DATA =
***

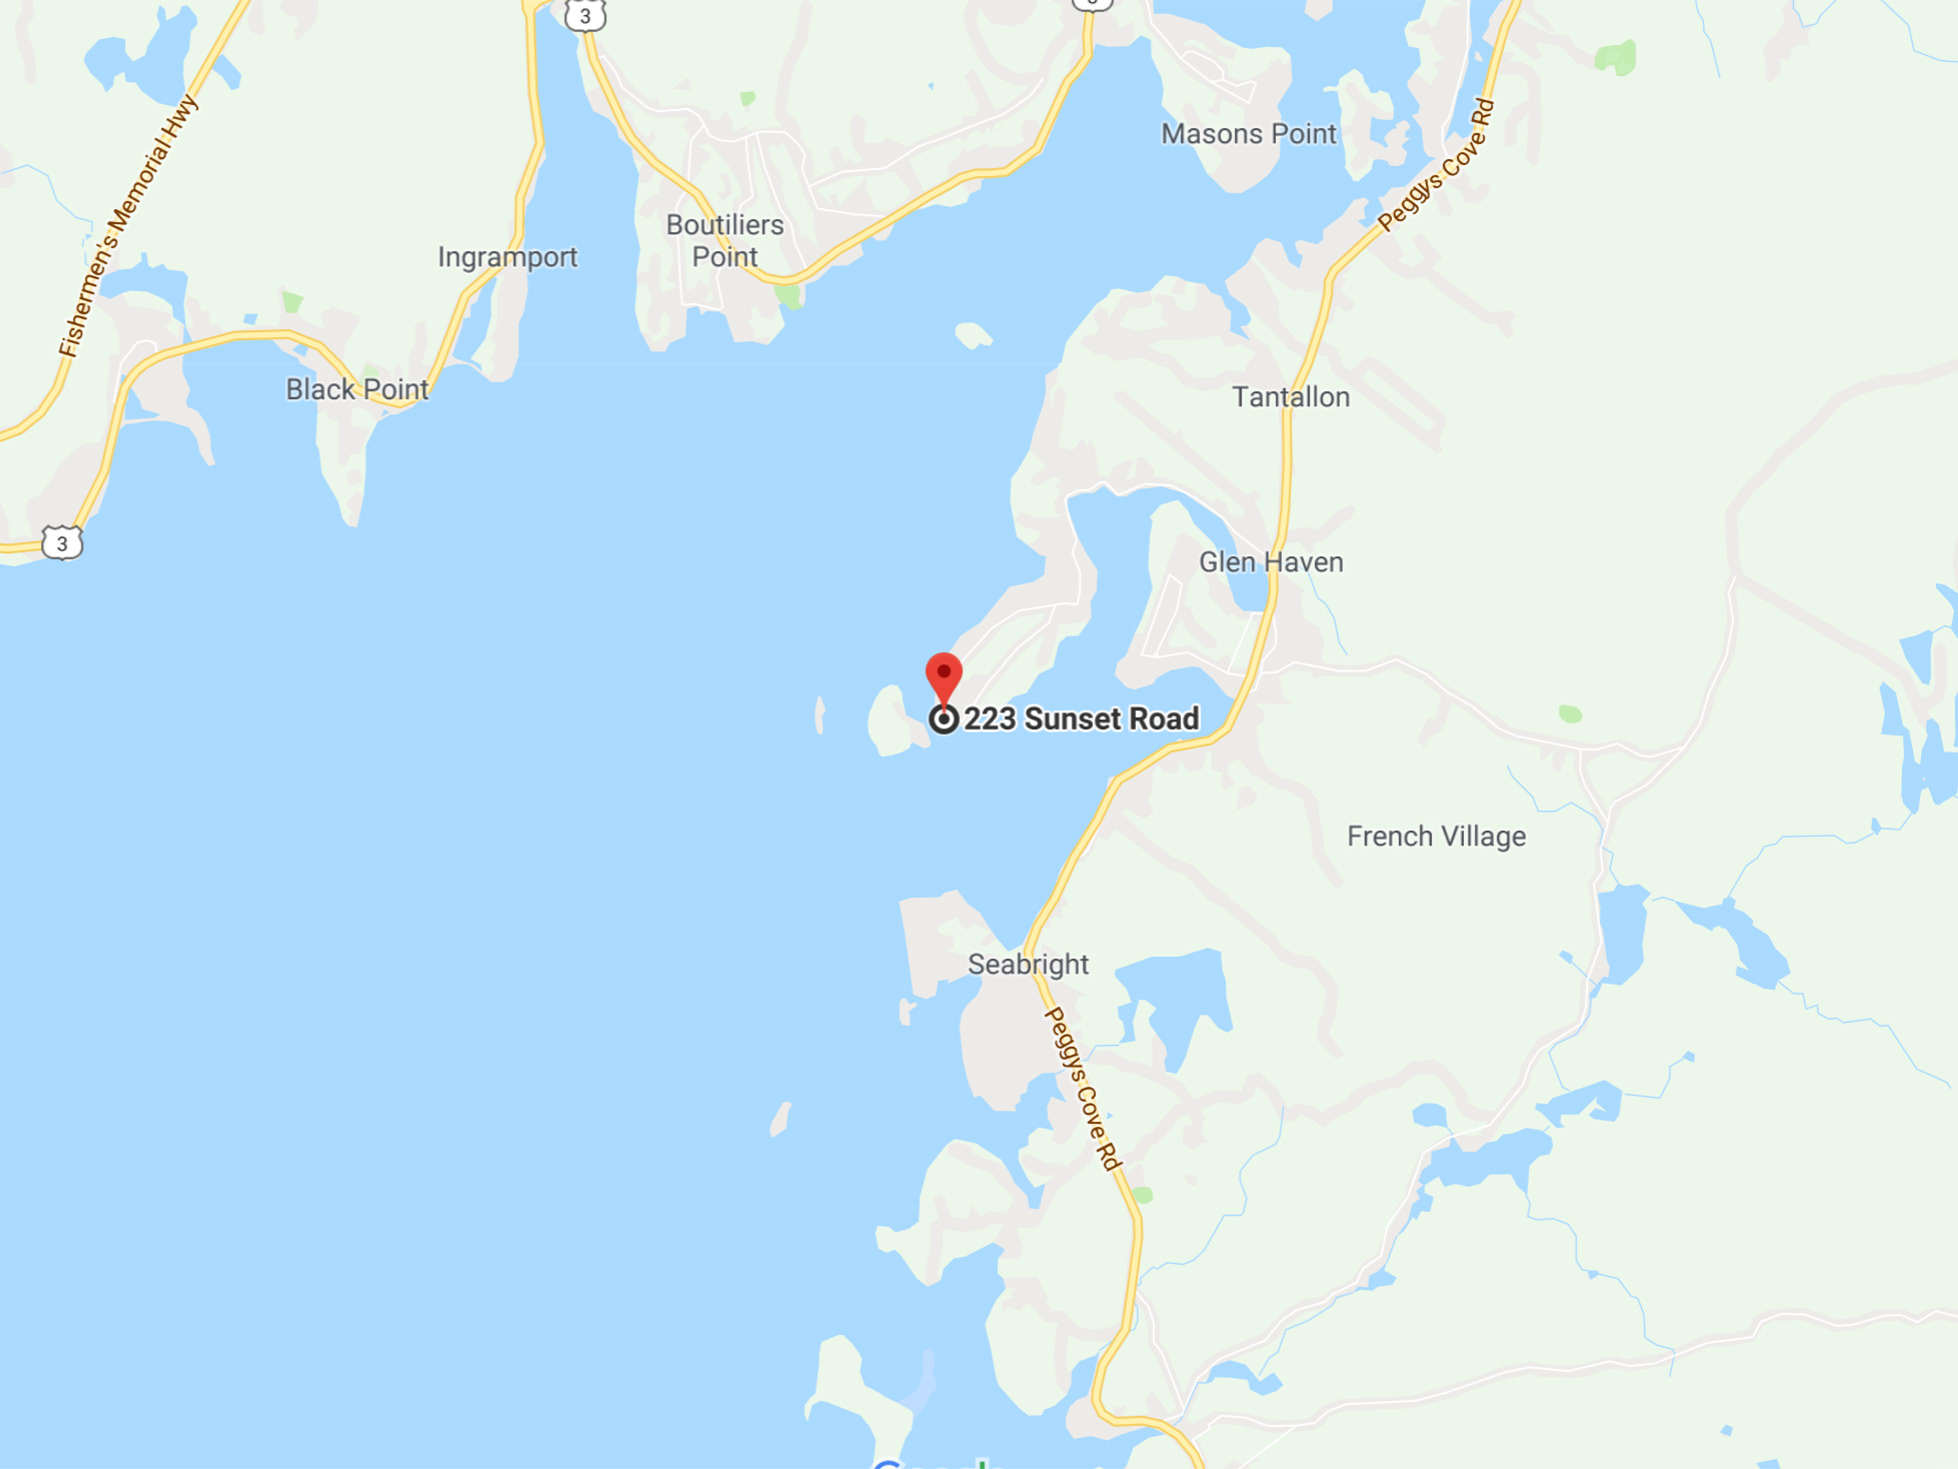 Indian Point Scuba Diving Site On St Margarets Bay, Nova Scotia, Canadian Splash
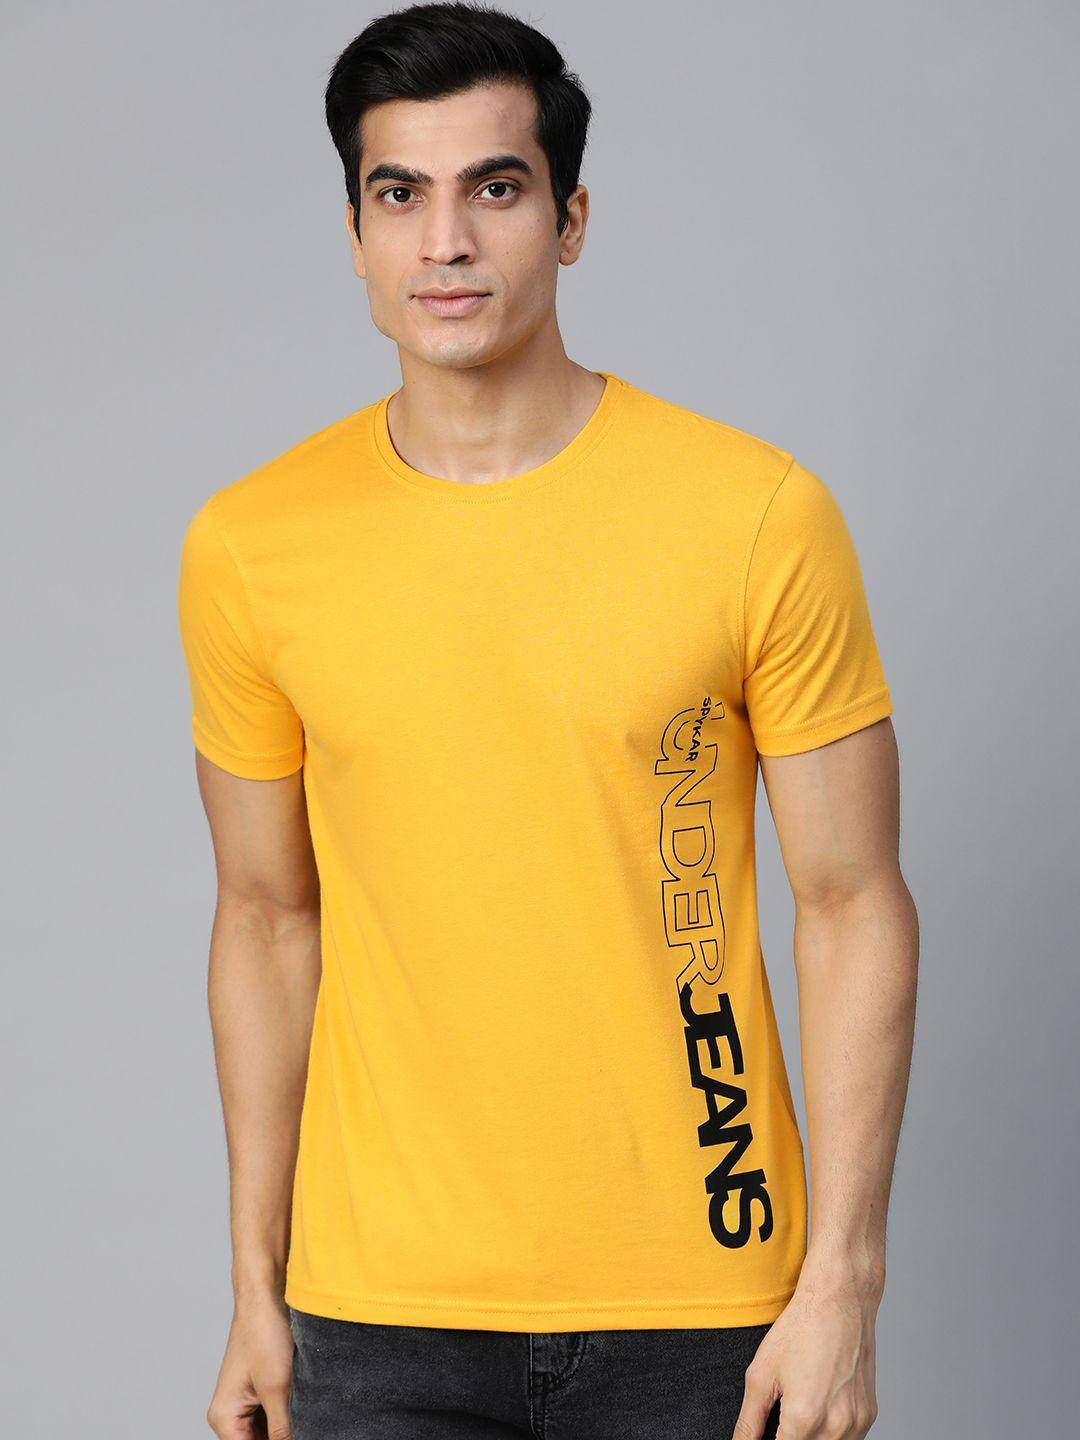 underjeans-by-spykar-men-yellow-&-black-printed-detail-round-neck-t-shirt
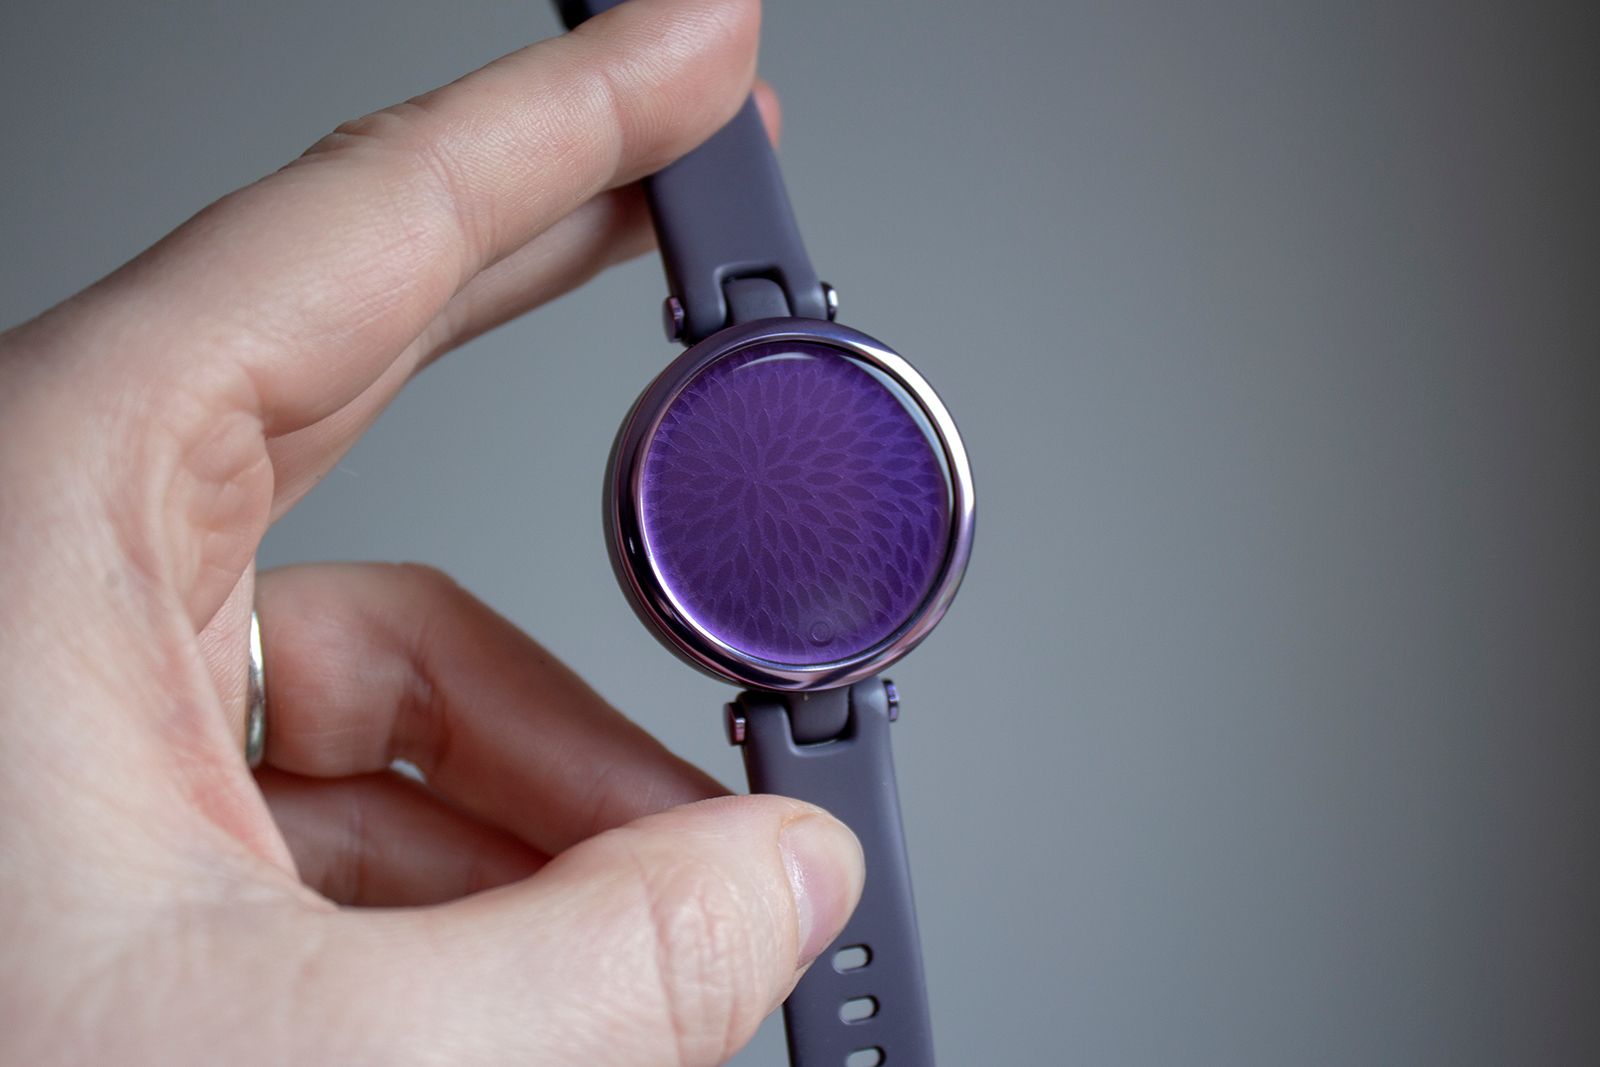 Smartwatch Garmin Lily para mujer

***

Repeat the material above exactly; any picture in it is left out.

 Indian Point Scuba Diving Site On St Margarets Bay, Nova Scotia, Canadian Splash
 underjeans-by-spykar-men-yellow-&-black-printed-detail-round-neck-t-shirt
 Smartwatch Garmin Lily para mujer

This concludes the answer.